Публика в Израиле была наполовину чистая, как по другому случаю говорит Чехов: делилась на тех, в чьем обществе можно дышать, и на тех, кто глух к слову и культуре. Первые, конечно, не половину составляли, а крохотное меньшинство, но по значению — много больше половины. К этому меньшинству принадлежал Лев Утевский, ученый и художник, годами лет на десять с хвостиком старше меня. Уехал он за несколько лет до нас, но я еще застал его в Ленинграде, хоть в ту пору и не познакомился с ним. Именно с его лекции, в 1981 году, на окраине или в пригороде Ленинграда, в квартире Григория Кановича, началось мое приобщение к еврейству. Лекция ошеломила меня, и не в первую очередь новыми фактами (хоть и этого было предостаточно), а скорее уровнем их осмысления и культурой речи докладчика. Передом мною был европеец, сионист-европеец, один из тех, в чьем присутствии невольно вспоминаешь фантастическую фигуру Владимира-Зеева Жаботинского.

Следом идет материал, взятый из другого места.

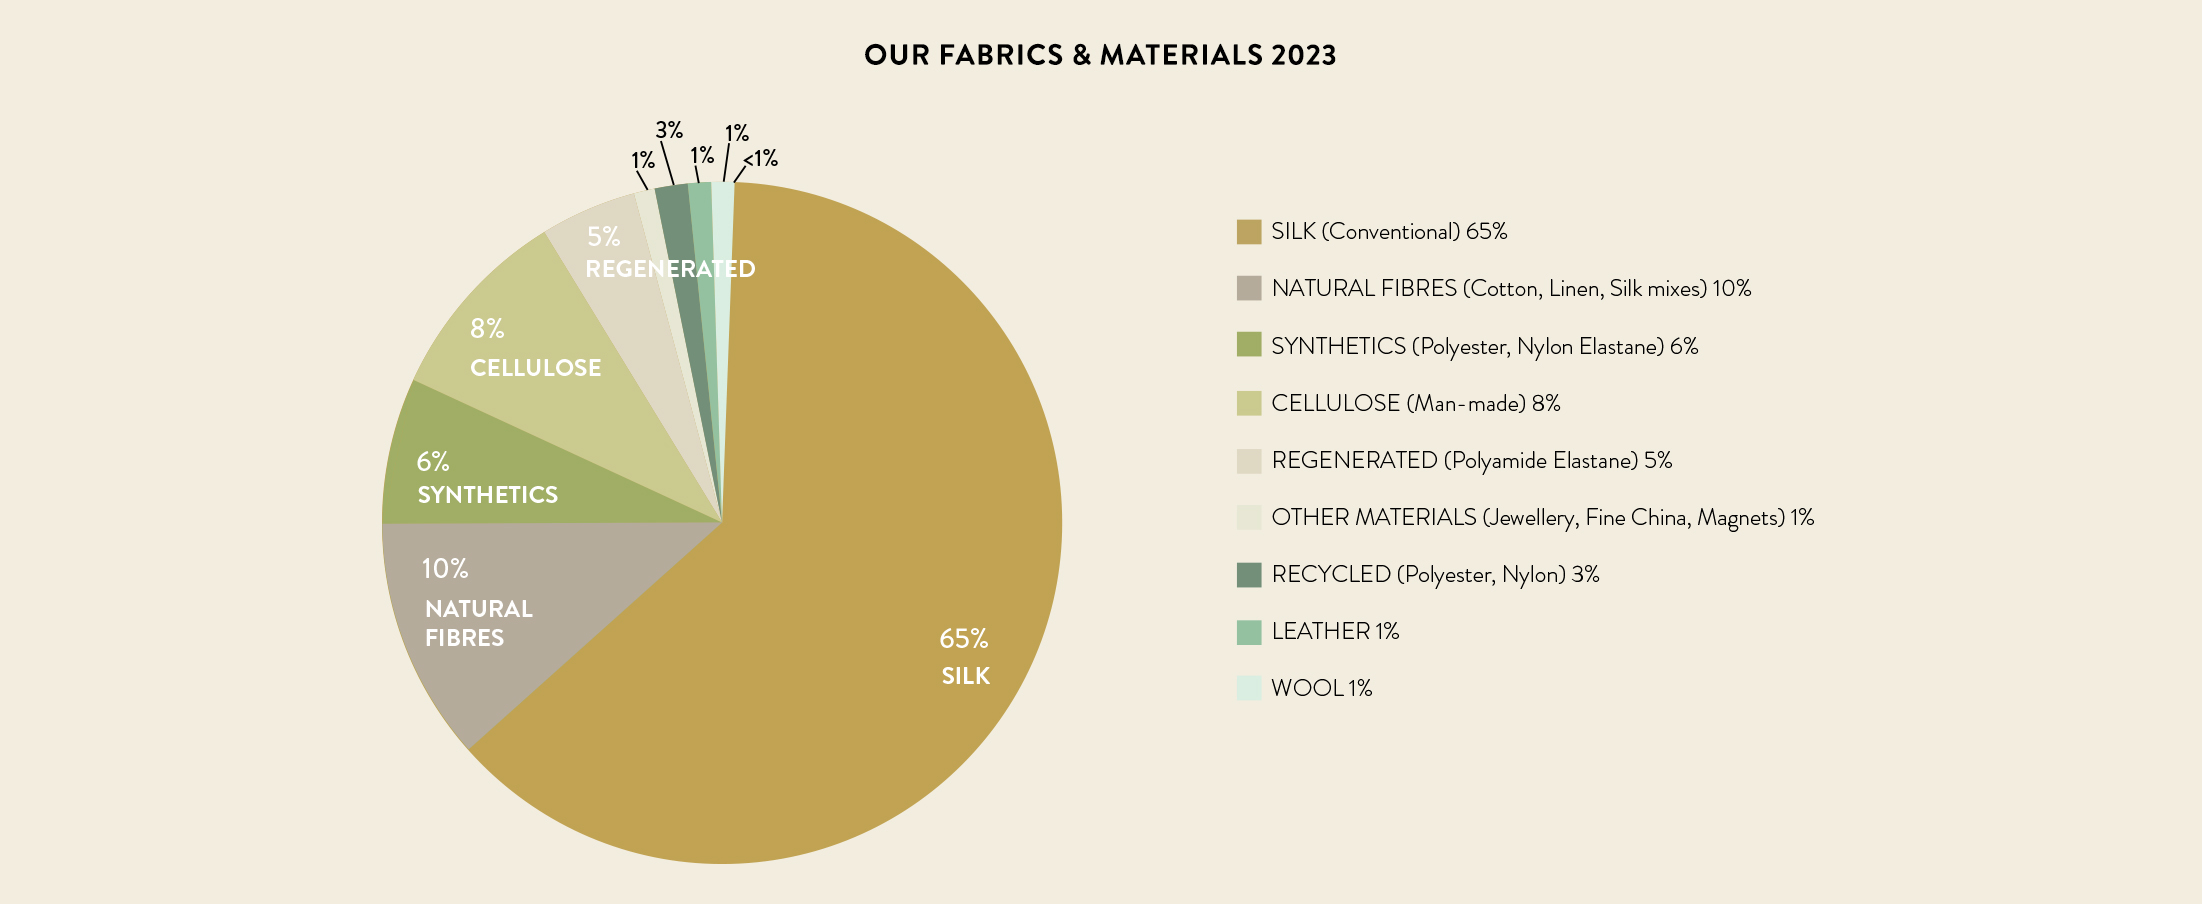 OUR FABRICS AND MATERIALS 2023 CHART

В Израиле Утевский поселился не там, где все, а в Беершеве: нашел в пустыне работу по специальности. В годы нашего отказа о нем доходили смутные слухи; что-то и нас касалось; например, такое: он готов помогать нам с получением нового вызова только в том случае, если наша семья, получив разрешение, поедет в Израиль. Тогда же выяснилось, что он знаком с моим соавтором по математико-биологическим штудиям Ирой Зубер (Эврикой Эфраимовной Зубер-Яникум). Среди моих знакомых-отказников была и его дочь, Женя Юдборовская.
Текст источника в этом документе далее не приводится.